Фантазия
Опубликовано в журнале Новый берег, номер 18, 2007
Журнал “Новый Берег” отмечает тридцатилетний юбилей самого юного члена редакции Максима Борозенца публикацией одного из его первых опытов в прозе. Надеемся, что внятно выразившаяся в его научной диссертации склонность к философствованию не уничтожит того вольного воображения, которое представлено этим текстом.
Максим Борозенец
Последнее искушение дона Хуана
(Фантазия)
Раннее утро, слабый ветер. Впереди идет конь Дона Хуана, за ним семенит мул Лепорелло. Лепорелло бормочет и усмехается в полусне. Дон Хуан пьет из резной бутылки херес и по отработанной привычке прикрывается плащом ни от кого. Он пьян, и рука, держащая плащ, виляет и дрожит.
— Эй, холоп! – Дон Хуан пытается обернуться, и брызги взрываются между его губами и бутылкой. – А твою… Твой хозяин взывает к тебе…

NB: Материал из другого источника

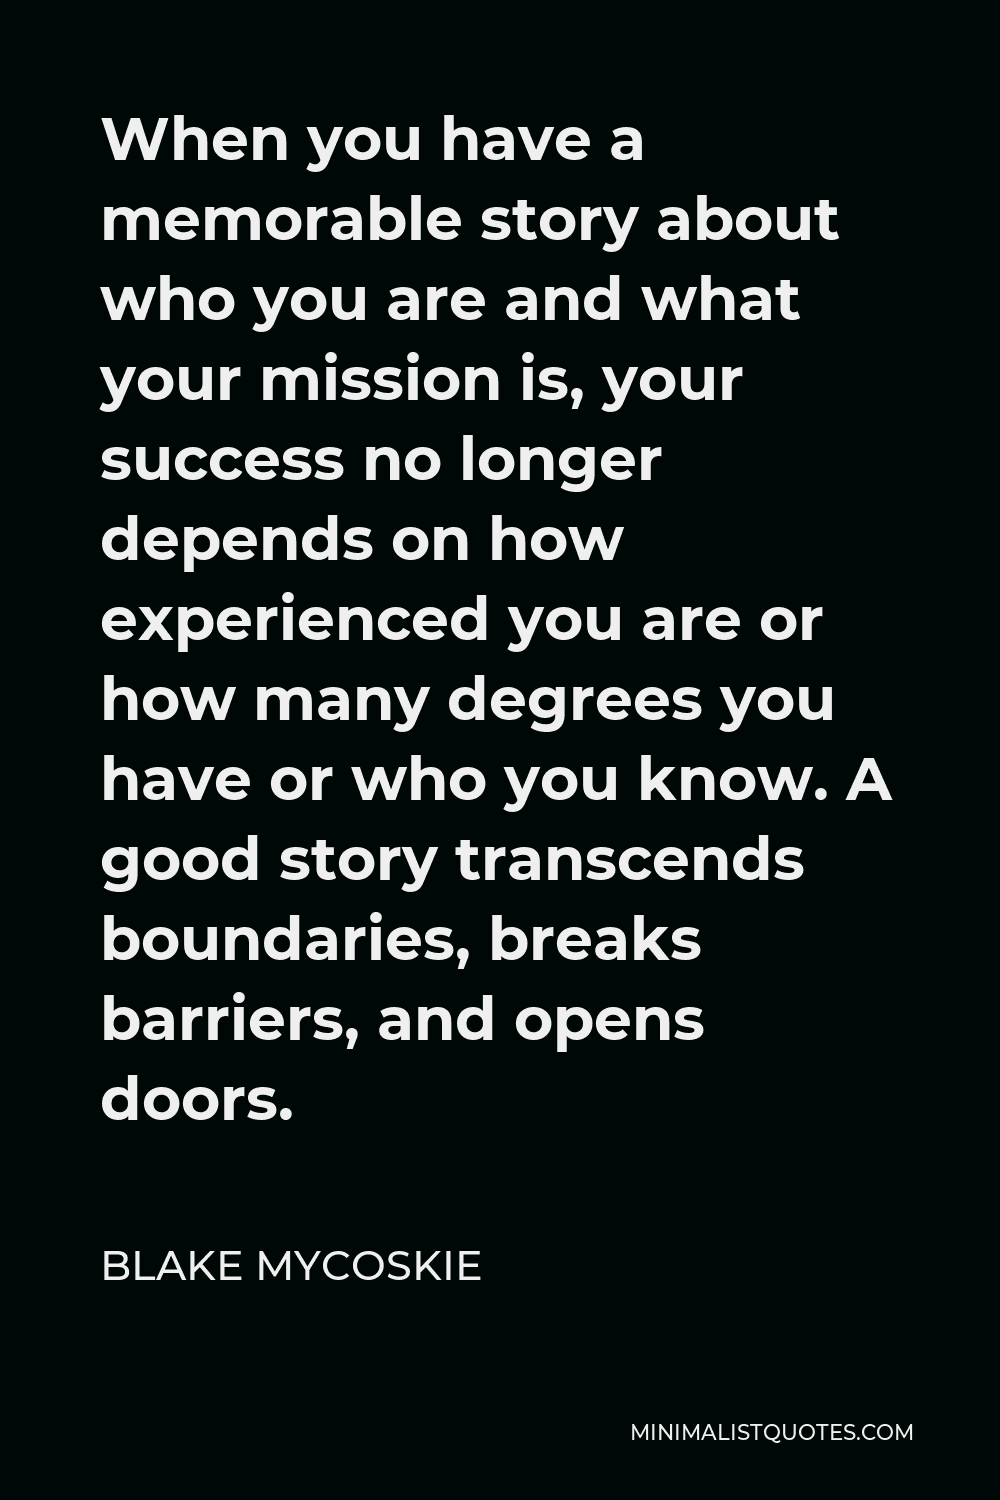 Blake Mycoskie Quote - When you have a memorable story about who you are and what your mission is, your success no longer depends on how experienced you are or how many degrees you have or who you know. A good story transcends boundaries, breaks barriers, and opens doors.

— Да, сеньор, — толстозадый Лепорелло ерзает в седле. – Простите, мне снился неприятный сон. Начитался всякой дьявольщины. Ну, помните, как мы ту библиотеку в Толедо подожгли? Неплохо покуролесили. Я тогда пару книжек прихватил. Мне в одной особенно понравился дьявол со вселенной, вертящейся на его елде. В общем, в одной было написано, как иудеи силой слова могут оживлять неживую материю, глину к примеру, ну будто как Бог вдохнул жизнь в Адама. Пишут, мол, этому истукану на лбу какое-то заклятие – он оживает, а как стирают – тот опять в дерьмо первородное рассыпается. Вот бы нам такого, эх-х…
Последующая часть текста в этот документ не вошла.